It is possible to use the concept of a dataflow graph to expose parallelism in hybrid classical-quantum algorithms. The graph may be constructed either implicitly or explicitly. It can also be present within the runtime either explicitly as a graph in a graph storage format or implicitly as a sequence of tasks the runtime is to execute. The compiler or pre-processing step can extract a dataflow representation, and the runtime can store the currently executing program to maximise the availability of circuit-level parallelism.
A possible implementation is that the dataflow graph can be automatically extracted from an implementation of a quantum algorithm that uses a feature of the language called “futures”. Futures are also referred to as promises or async functions in other implementations. Futures replace the return value of a function call with a future object that represents the eventual value of that call. After calling a function that returns a future, the runtime (a) records that this call should be performed in the future as a task and (b) provides the calling function with a unique object that will be filled in by the eventual call. To use this mechanism to expose circuit level concurrency, the function that requests a circuit to be run on the QPU should be provided by the runtime as an asynchronous function returning a future. The function that requests a circuit to be run on the QPU can be called a QPU run function. The call to the QPU run function may take 2 arguments: (a) the circuit to evaluate, and optionally, (b) a repeat count for efficiently performing repeated measurements of the same circuit.
As part of this execution the runtime will generate a unique identifier for the request and construct a future object, using the identifier to associate the future object with the requested circuit. The runtime may then immediately resume the algorithm starting immediately after the call to QPU run. The algorithm may then perform 1 of 3 possible operations.
1. The algorithm may proceed to make further calls to QPU run, resulting in the creation of further future objects.
2. The algorithm may perform classical processing on existing data, and this would form part of the same classical computational node. The algorithm designer may choose to make calls to QPU run as soon as it is known they are required, to expose concurrency as soon as possible or to simplify the algorithm design.
3. The algorithm may perform classical processing on a future value. This indicates the end of a single dataflow node, as the circuit future must be resolved before this processing can be performed.
Another possible implementation arises as a user may explicitly construct a dataflow graph for an algorithm. The user creates a graph object. They can add nodes to the graph object by providing a function that implements that node (node body function). The user can also provide structural information on the input and output edges, forming an explicit graph.
A user may provide the structural information in the following way. To add a node to the graph, the user will call a function (graph_add) passing the function to executed in the node and the number of distinct circuits it will request. The number of circuits to be requested is required to enable references to those circuits to be created. This graph-add function will return to the user an array of references for the requested circuits (outgoing edge references), equal in number to the number of circuit requests. These references may be used in future calls to graph_add to specify the incoming circuits that a node may make use of. By making use of the references to circuit requests (edges), the full dataflow graph for the algorithm can be defined before it is run.
To permit data-dependent control flow, a node may also be able to call the graph-add function. This allows adding nodes dependent on the result of prior circuit evaluations, enabling adaptive algorithms such as accelerated VQE. By construction this ensures that the dataflow graph is a directed acyclic graph, as nodes can only refer to each other by means of the circuit edges. As a reference is only available after the node that triggers the edge has been added to the graph, it is not possible for the programmer to create loops. Ensuring the graph is a directed acyclic graph means it is always possible for the runtime to make forward progress running the program. Once this graph has been explicitly created, it can be executed by a runtime as before.
The following text shows an example code and compilation extraction.

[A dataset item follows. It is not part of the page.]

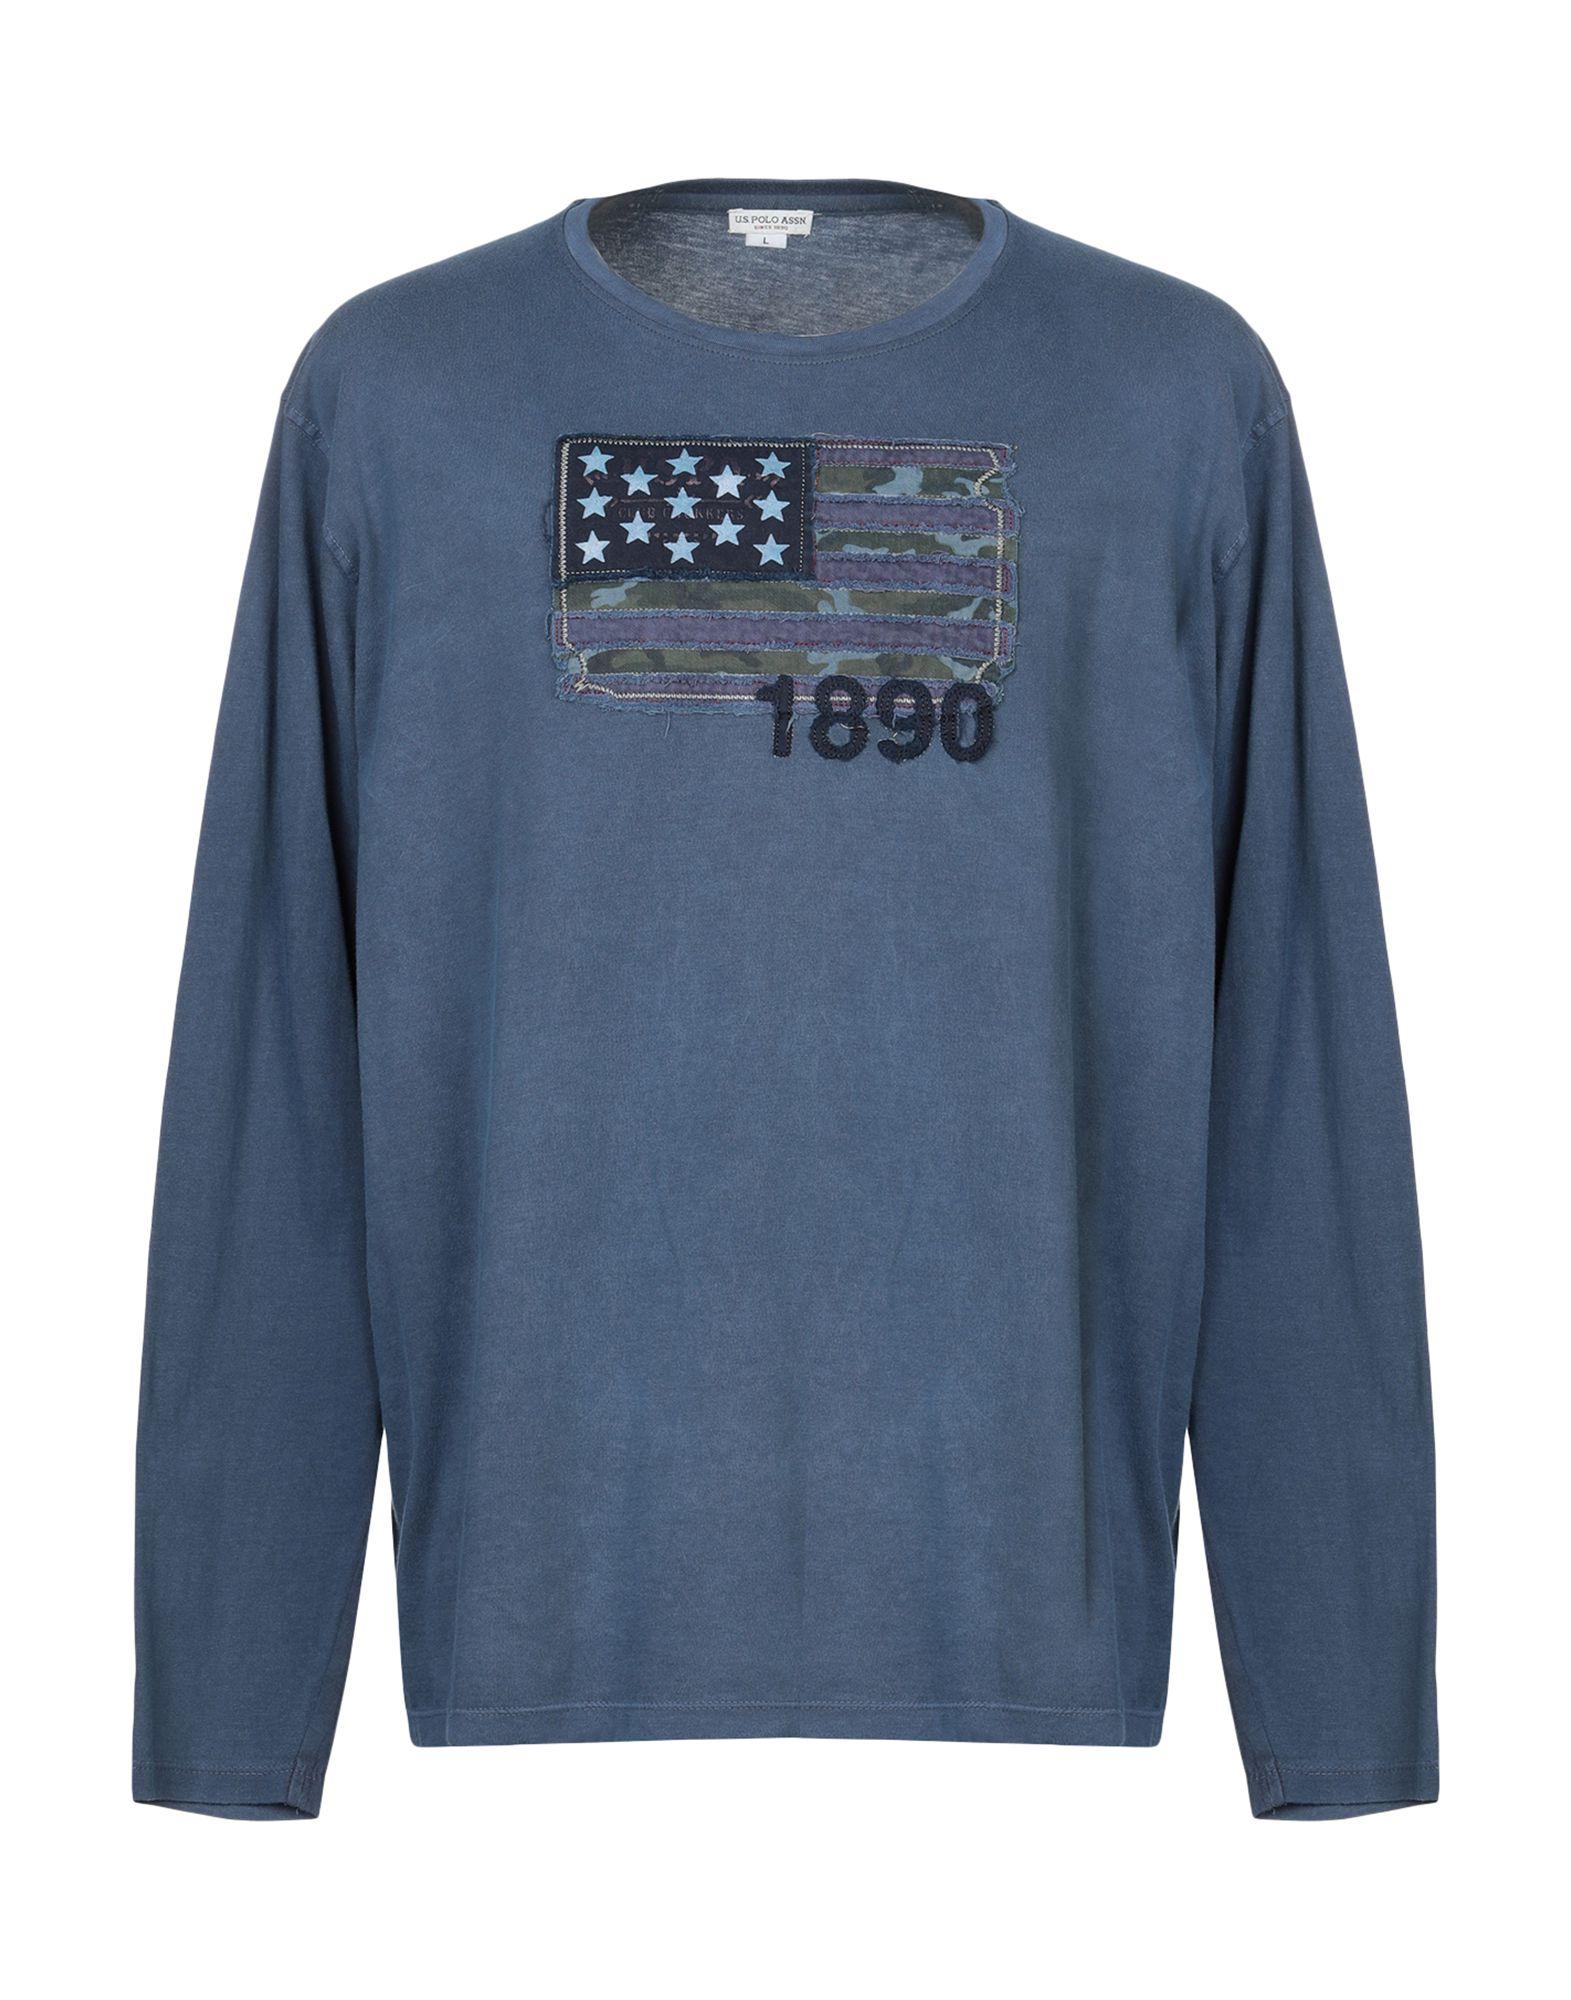 6770cc696437 U.S.Polo Assn. Camisetas - U.S.Polo Assn. Hombre - YOOX
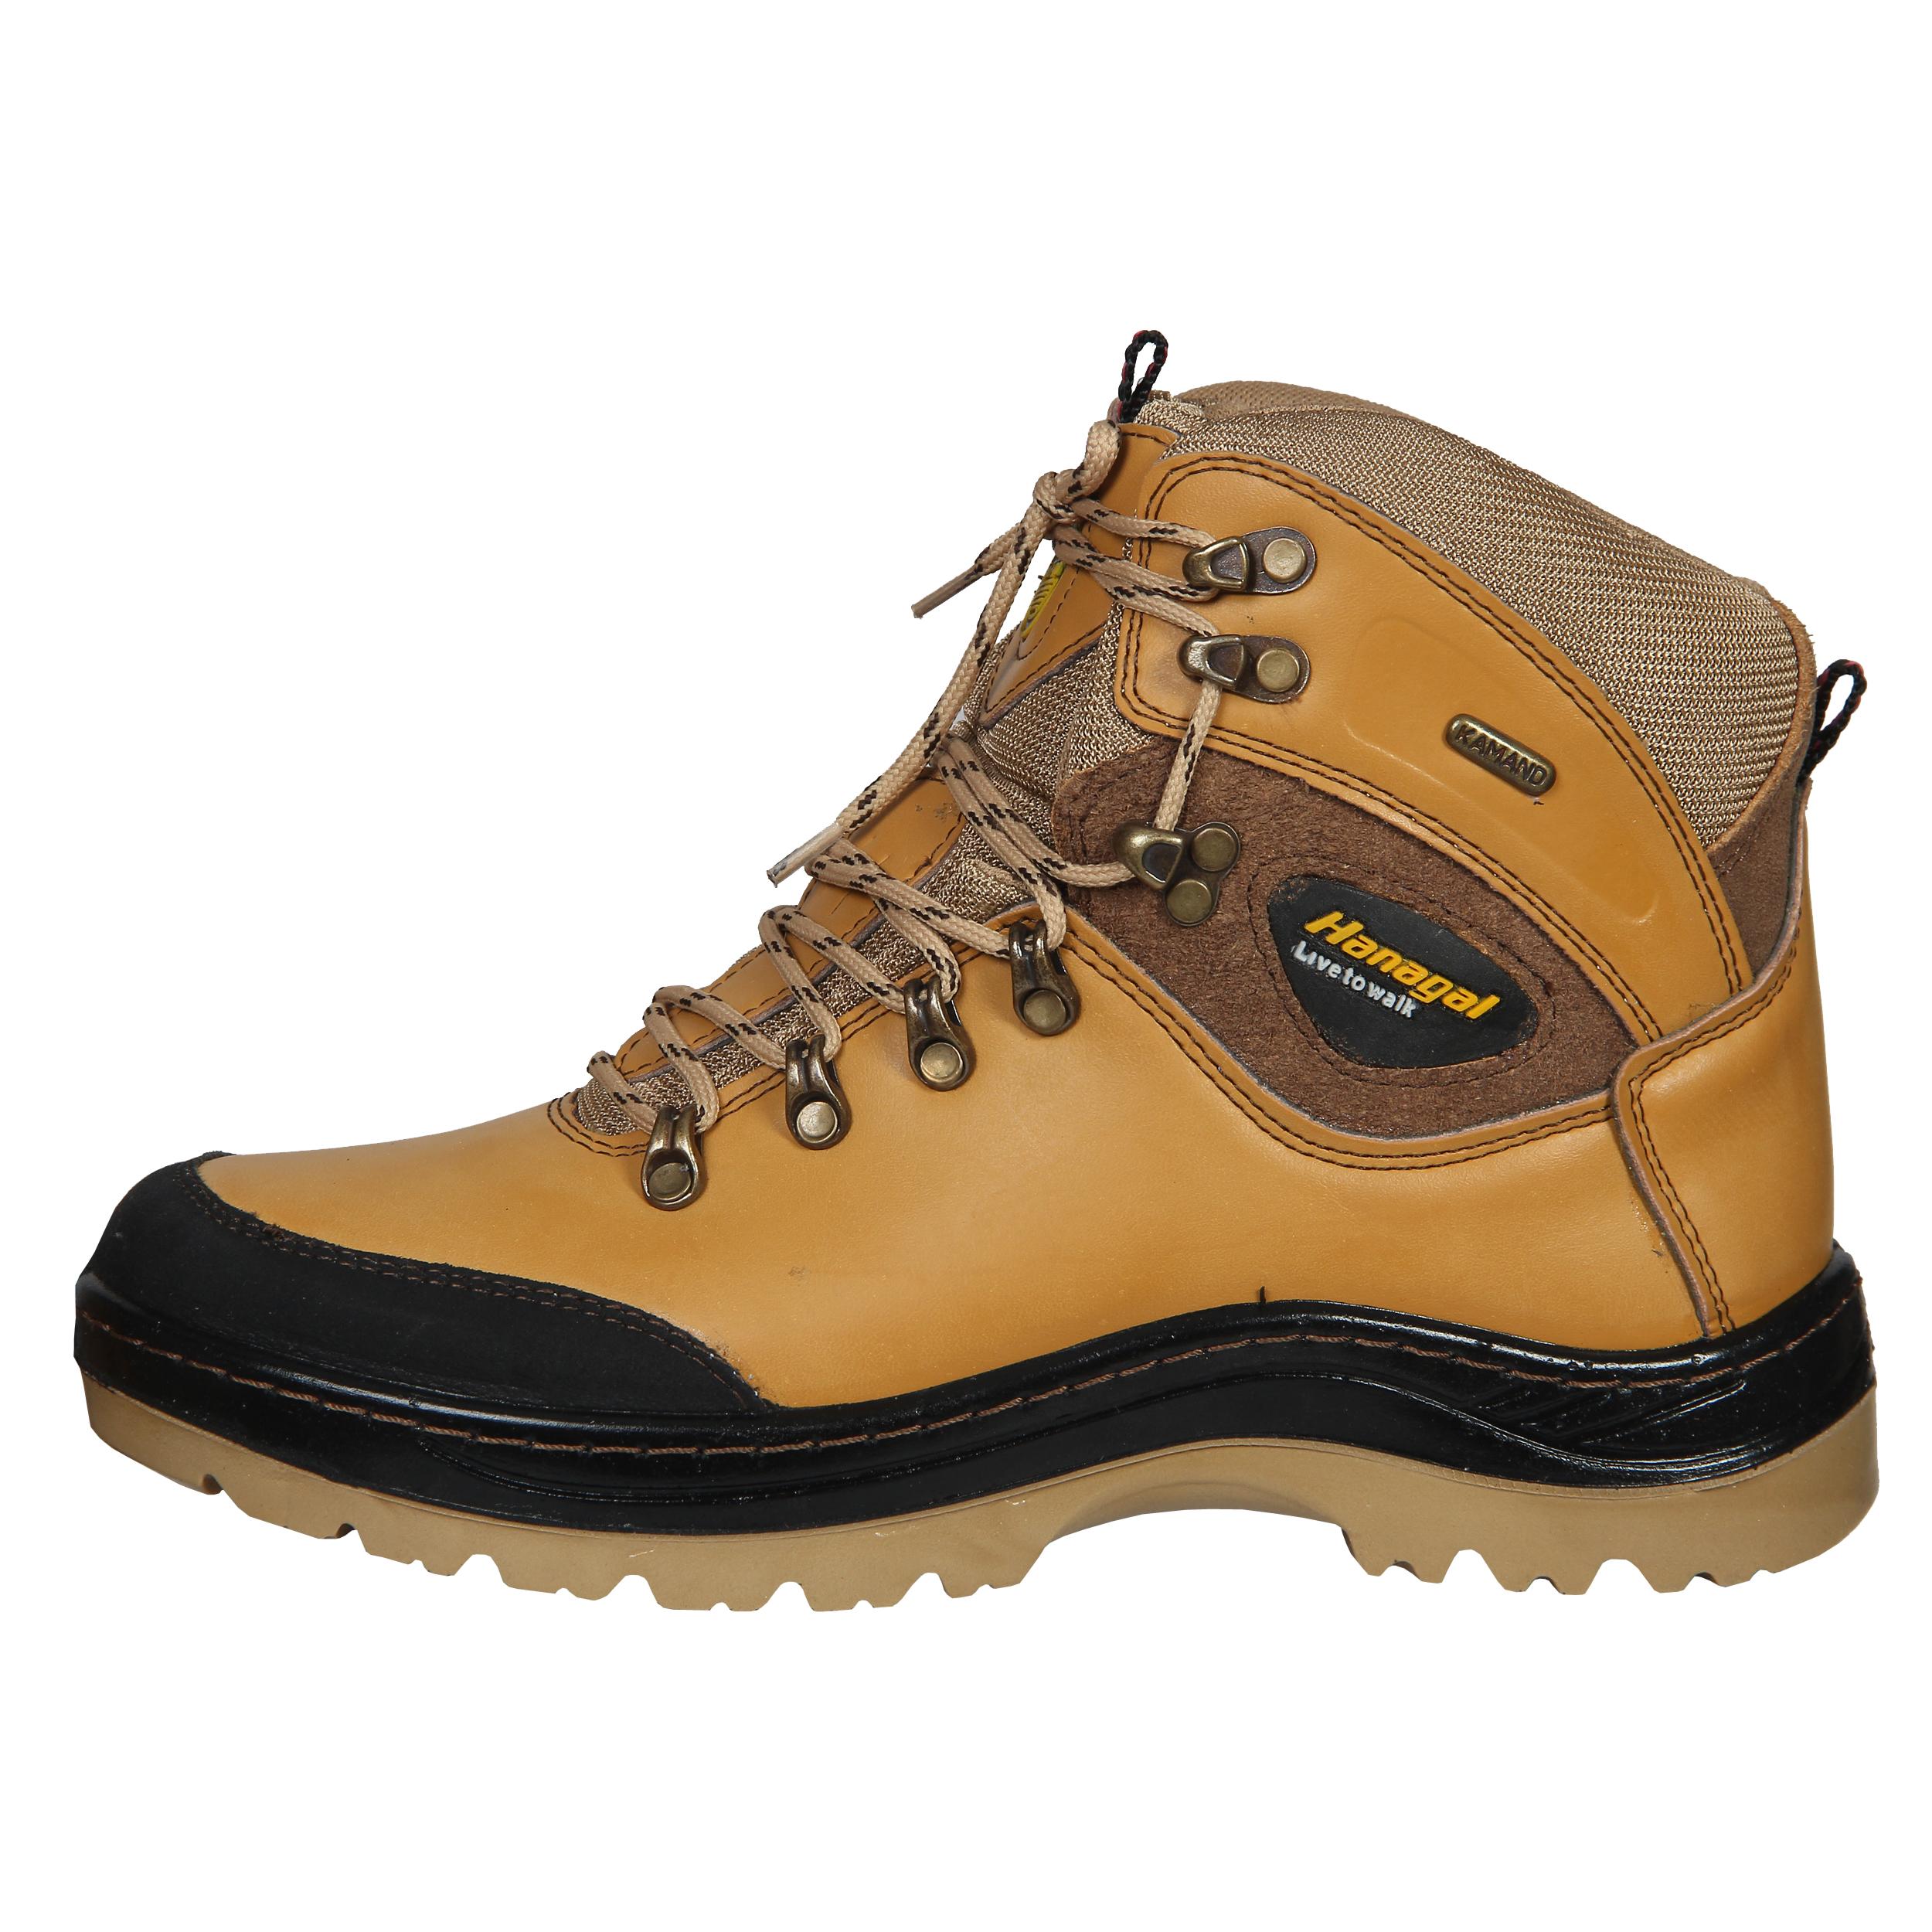 کفش کوهنوردی مردانه سنگام کد 147890

def VQE(ansatz, measurements):

	E = θ
	accuracy = float(′inf’)
	trial_state = random( )
	white accuracy > TARGET:

for pauli in measurements:

future_samples[pauli] = sample(ansatz(trial_state), pauli)

	samples = gather(*future_samples)
	E, accuracy, trial_state = optimise(E, accuracy, trial_state, samples)

async def sample(circuit, measurement):

	value, error = θ, float(′inf′)
	while error > target:

	sample = await QPU.run(circuit, measurement, shots=SHOTS_PER_REQUEST)
	value, error = update(value, error, sample)

	return value

The above code shows how a quantum algorithm has been expressed using asynchronous functions such as in a dataflow graph fashion. It is important to note that the dataflow graph generated is a subset of asynchronous function calls: only QPU run calls correspond to edges in the graph.
FIG. 3 shows that starting from a first VQE block 300, a set of chains of sample blocks for each Pauli are created; specifically in this example, a first Pauli (P1) comprises 2 samples 302, while a second Pauli (P2) comprises 1 sample 304, the results of which are sent to a second VQE block 306. Each ‘await QPU.run’ call generates a new edge in this graph. It will be appreciated that, in general, different Paulis may have any number of samples.
The concept of circuit scheduling will now be disclosed in detail, in which a key idea is to enable parallel execution of the classical code so that there are always circuits to be executed on the QPU. It will be appreciated that this can be defined in terms of a method of controlling the classical CPU, or in terms of a method of controlling the QPU, or in terms of a combined computing system comprising both the CPU and the QPU.
FIG. 4 shows a flowchart 400 of a computer-implemented method for controlling a classical computer comprising one or more classically-executable-nodes of a classical-quantum hybrid algorithm. The classically-executable-nodes are code modules that can be executed on the classical CPU. The classical CPU is operatively coupled to a quantum computer such that information may be sent in either direction between the CPU and the QPU.
The method begins at a first block 402 by sending, by any of the classically-executable-nodes, a first-circuit to the quantum computer for evaluation. At a second block 404, the relevant classically-executable-node receives a first-circuit-evaluation of the first-circuit from the quantum computer. At a third block 406, the classical computer uses the relevant classically-executable-node to process the first-circuit evaluation during a first-time interval.
At a fourth block 408 the method proceeds to send by a classically-executable-node, a second-circuit to the quantum computer for evaluation. This may be the same classically-executable-node as sent the first-circuit, or it may be a different node. Crucially, the second-circuit is sent for evaluation by the quantum computer at least in part during the first-time-interval. The time of sending of the second-circuit may thereby occur at any time before the end of the first-time-interval such that it is possible for the quantum computer to be evaluating the second-circuit at a time that overlaps (at least in part) with the time that the classical computer is processing the first-circuit. Finally, at a fifth block 410, the classical computer receives a second-circuit-evaluation of the second-circuit, from the quantum computer, for processing by the relevant classically-executable-node (or nodes) that requested the second-circuit-evaluation.
From the perspective of the quantum computer, there is disclosed a computer-implemented method for controlling the quantum computer to perform the circuit evaluation task mentioned above. The quantum computer comprises a quantum-processor-unit that itself comprises a plurality of qubits that can evaluate quantum circuits.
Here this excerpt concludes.